In assessing whether or not the applicants possessed the necessary interest required in order to commence the court proceedings, the Court embraced the conclusions of previous decisions which confirm the ground rules that any person instituting a court case must have what is known as ‘juridical interest’. Indeed, the court proceeded to repeat the essential requisites regarding juridical interest, these being:
- For such an interest to be considered as being of a juridical nature, it must be capable of leading to a useful result and advantage for the person who wants to exercise the right being claimed in court, and that if the action cannot lead to producing such a result for the applicant, then the applicant would be deemed to lack the required juridical interest;
- That the applicant’s juridical interest must perforce subsist throughout the entire court case, since without it, the case against the defendant cannot subsist;
- That, in order to qualify as being juridical, the interest does not necessarily have to be one which is quantified in a certain sum of money or value; it may also exist where it aims to protect or give recognition to a moral or a subjective right, provided that the right invoked is not hypothetical.
The applicants maintained that their claims were pre-existent to the buyout order given on the 31st of January 2017 and that the applicant was entitled to receive his share of the dividend given to Regent’s shareholders on the 18th of May 2017, since they were still a shareholder as at that date.
The Court disagreed with this assertion, categorically stating that the decision of the 31st of January 2017 effectively brought an end to the applicants’ right to participate as a shareholder of Regent, for the reason that the transfer of the applicant’s shares in Regent commenced when the order for the applicants to sell their shares in Regent to the other shareholders was given on the 31st of January 2017.
Furthermore, the Court also categorically stated that in view of the buyout order of the 31st of January 2017, the applicants ceased to have the juridical interest necessary to invoke further proceedings in terms of Article 402 of the Companies Act.
The Court held that were it the case that the applicants believed that they had a basis to contest the buyout order given on the 31st of January 2017, then they should have taken such action.
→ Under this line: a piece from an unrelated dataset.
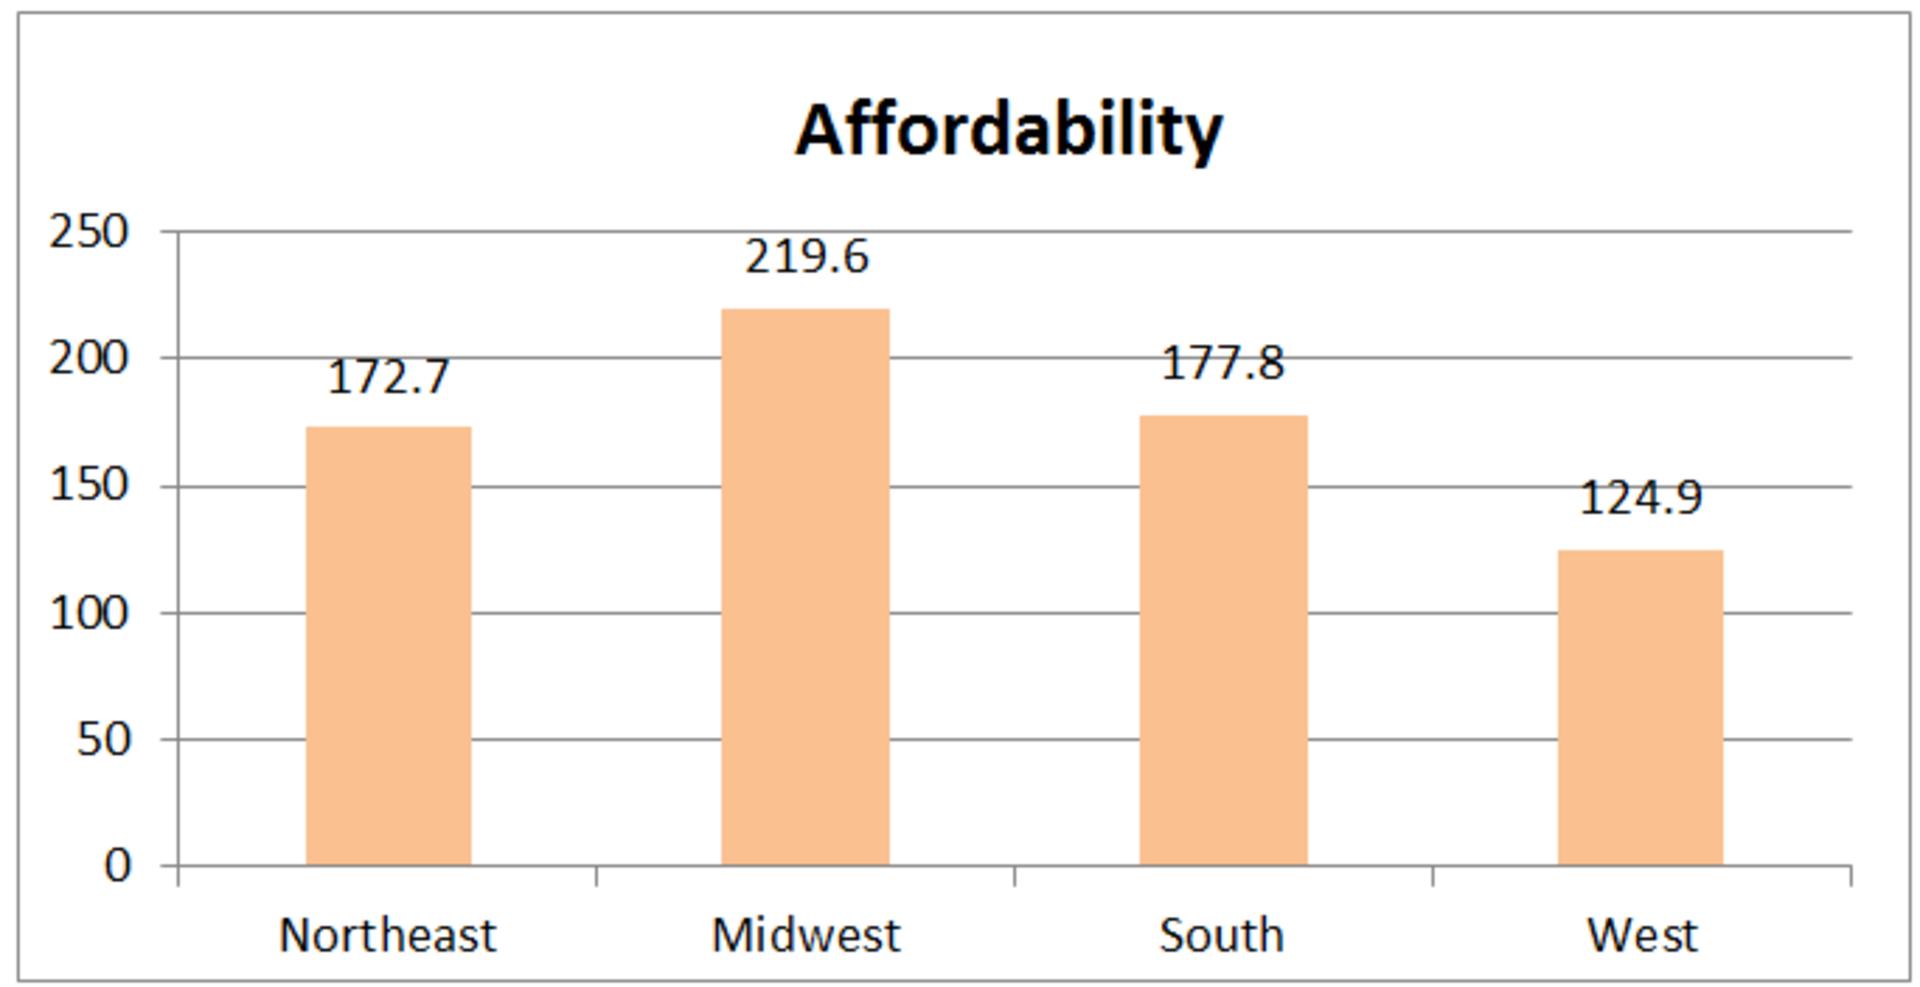 January 2016 Housing Affordability Index

Indeed, the court made reference to the decisions given in the cases Jonathan Shaw et pro et noe vs. David Alan Shaw et. and Suzanne Busuttil et vs. Francis Busuttil & Sons Ltd. et. These decisions established that an appeal cannot be entered in respect of a decision given by the Court regarding actions brought under Article 402 of the Companies Act. The Court also pointed out that these two decisions set the ground rules and that decisions given by the Court regarding actions brought under Article 402 of the Companies Act, may only be reviewed by means of a fresh lawsuit. Indeed, albeit in separate proceedings which are still subject to appeal, it has also been established that in conducting such a review, the reviewing court will only give a judgement (from which an appeal can be entered) providing a remedy if it results that:
- the principles of natural justice were not adhered to;
- there was a breach of any provision of law in the award of the decision;
- where the judge acted ultra or extra petita.
Thus, the Court upheld the preliminary pleas raised by the defendants that the applicants lacked the juridical interest to prosecute an action under Article 402 of the Companies Act and accordingly, rejected the applicant’s claims.
Noticeably, this case was the first time that the Courts established that a shareholder cannot bring an action under Article 402 claiming unfairly prejudicial conduct within a company once the Court has already issued a buyout order, ordering the applicants to transfer their shares in the company to other shareholders.